--- GIVEN INFORMATION ---

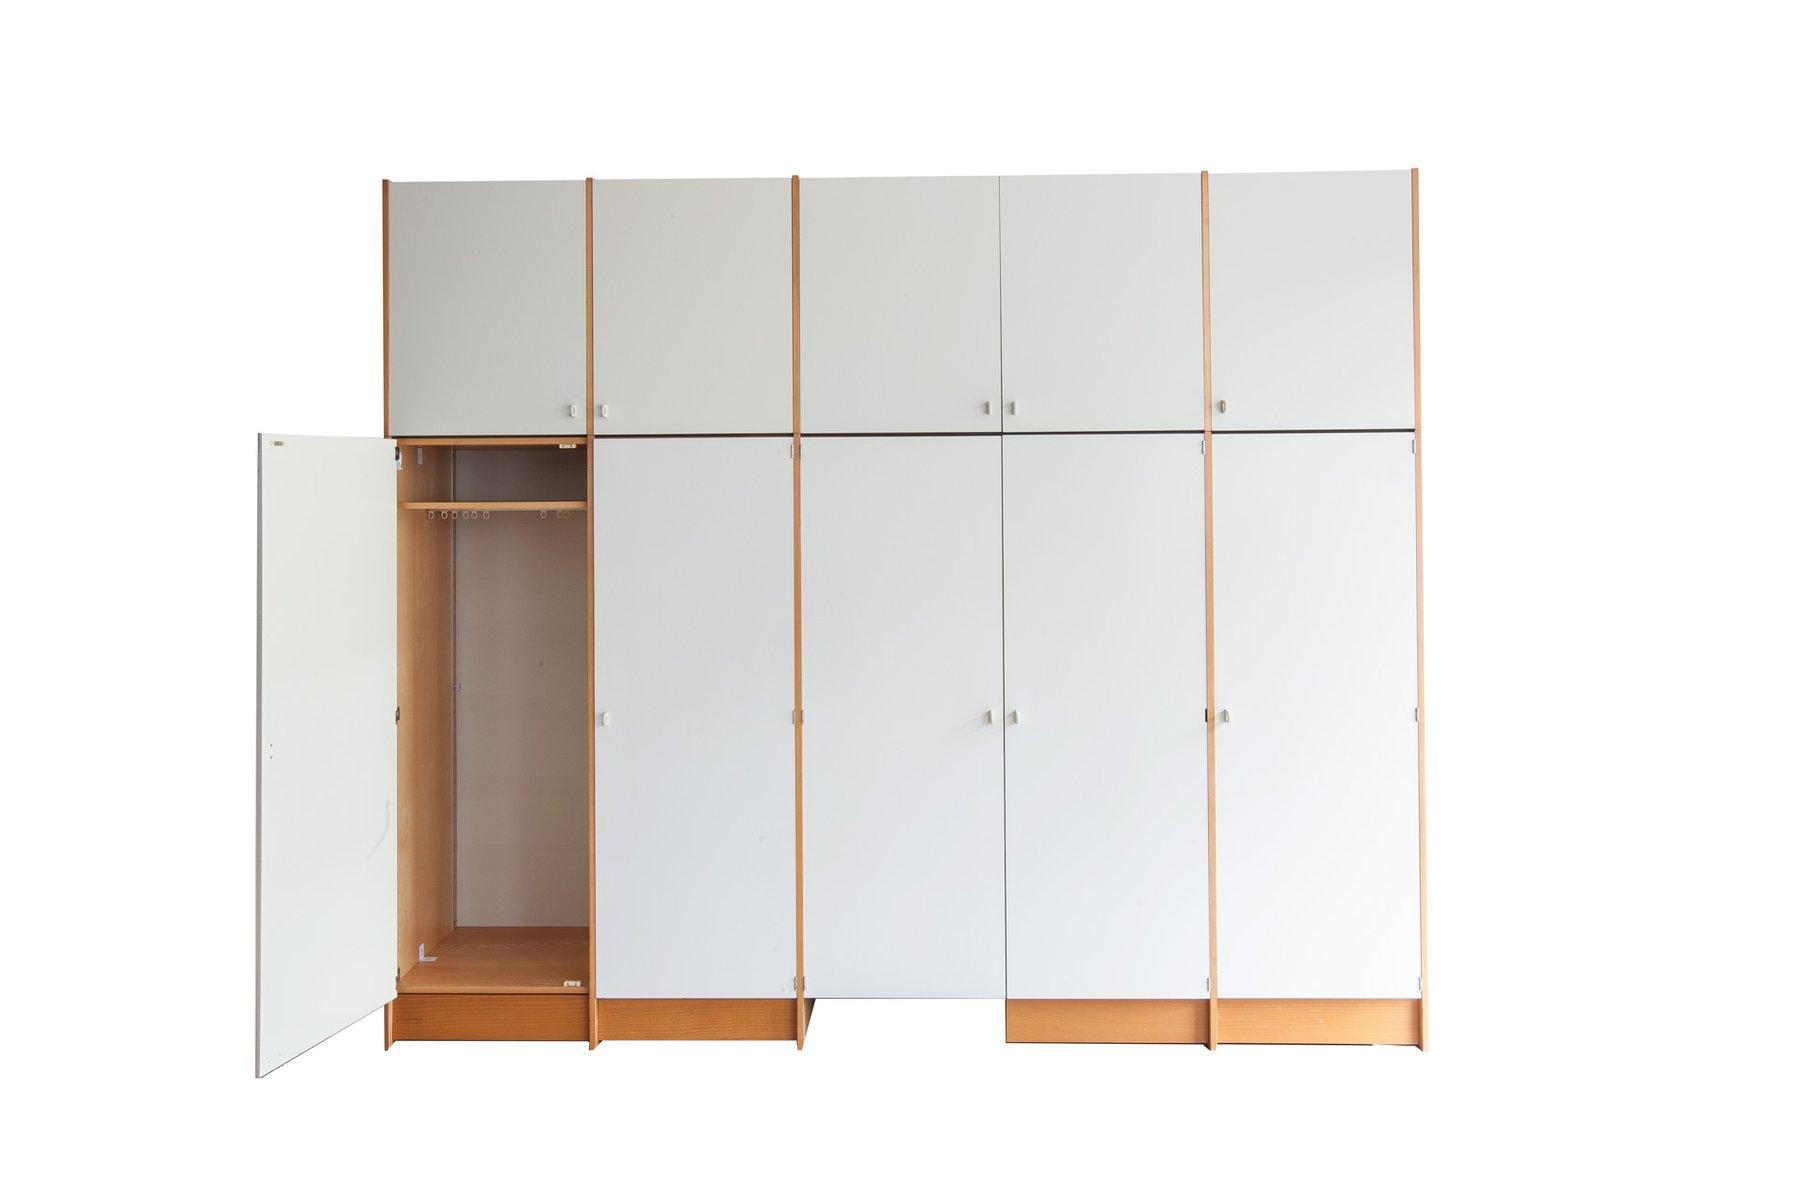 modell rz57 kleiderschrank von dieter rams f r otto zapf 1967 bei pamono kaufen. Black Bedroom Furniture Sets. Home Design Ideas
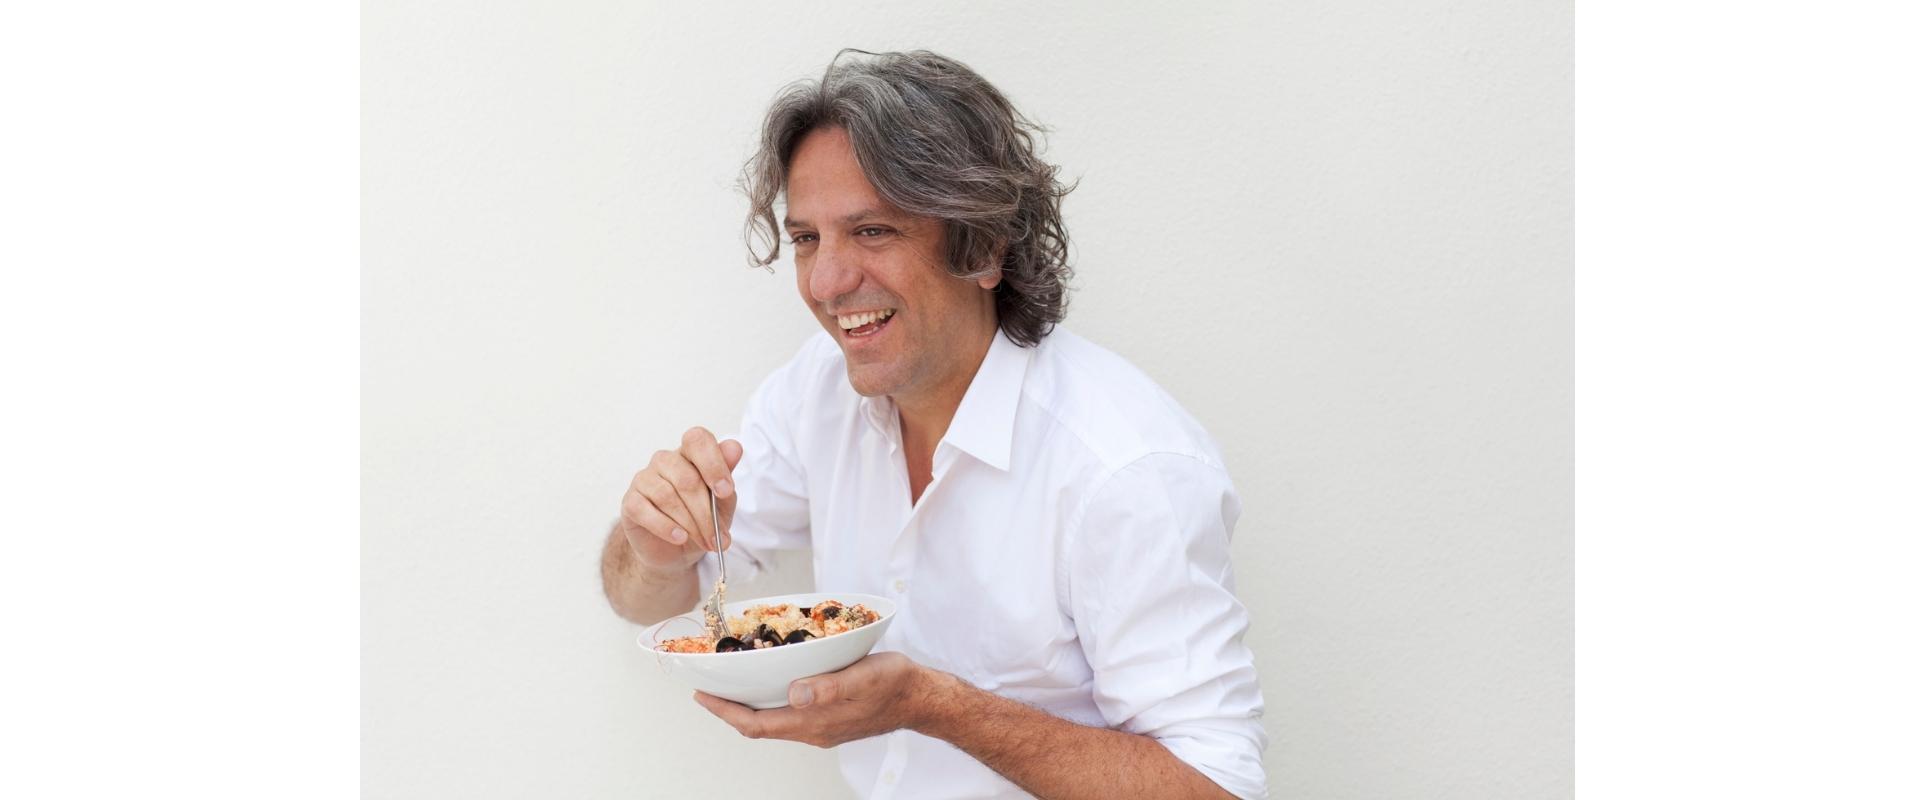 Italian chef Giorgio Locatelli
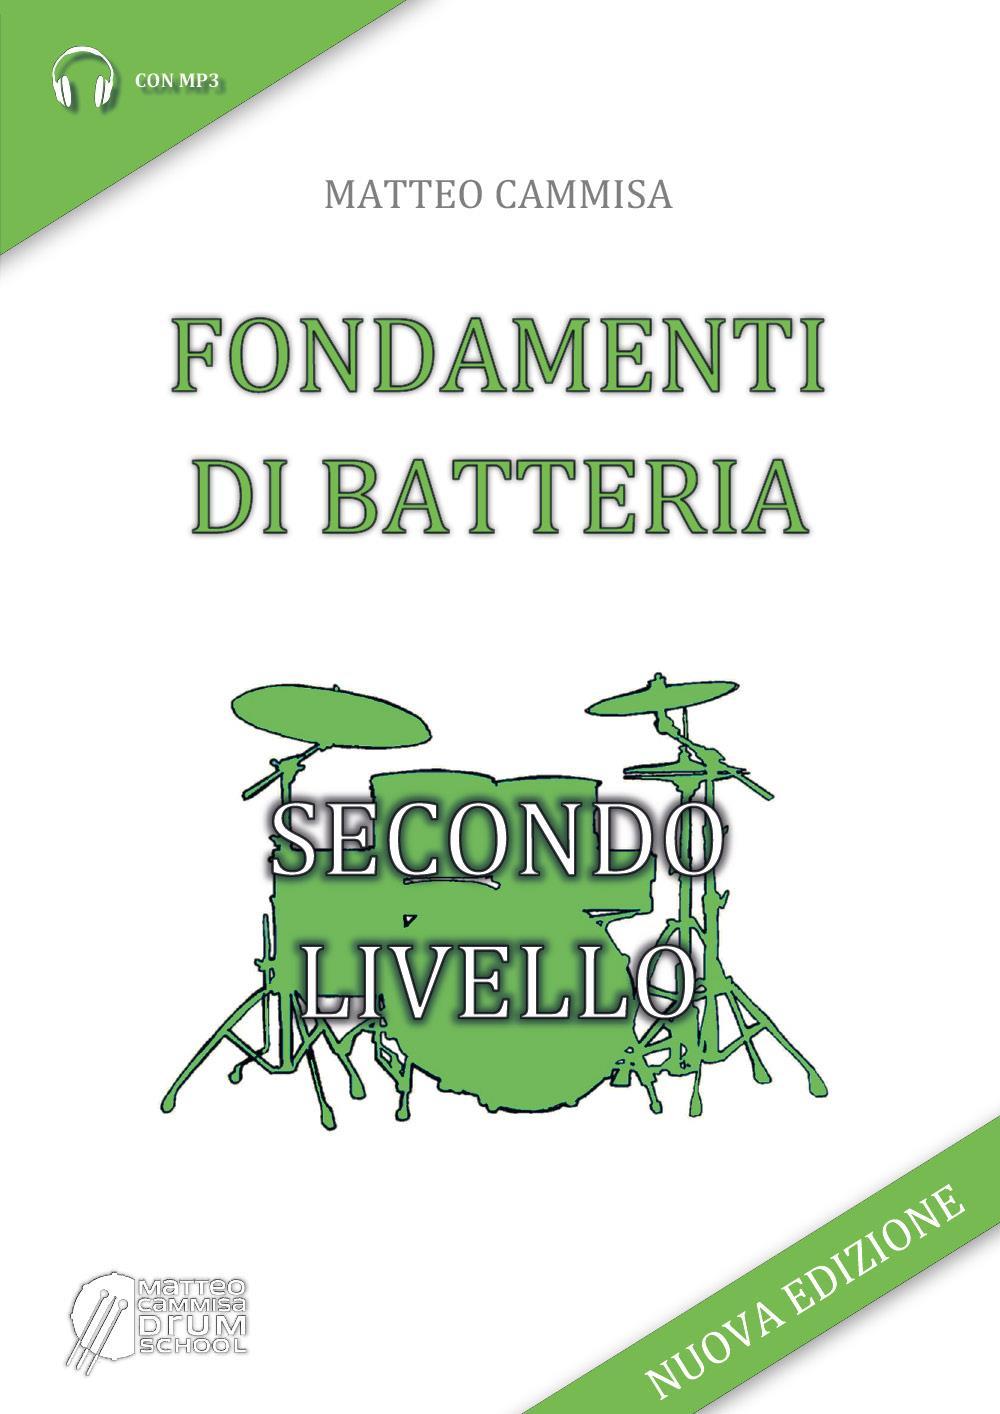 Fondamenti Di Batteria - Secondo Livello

---

=== PROBLEM TO WORK ON ===
Give back the whole listing exactly; no pictures.

=== ANSWER FOR THE TASK ===
 modell rz57 kleiderschrank von dieter rams f r otto zapf 1967 bei pamono kaufen. Black Bedroom Furniture Sets. Home Design Ideas
 Italian chef Giorgio Locatelli
 Fondamenti Di Batteria - Secondo Livello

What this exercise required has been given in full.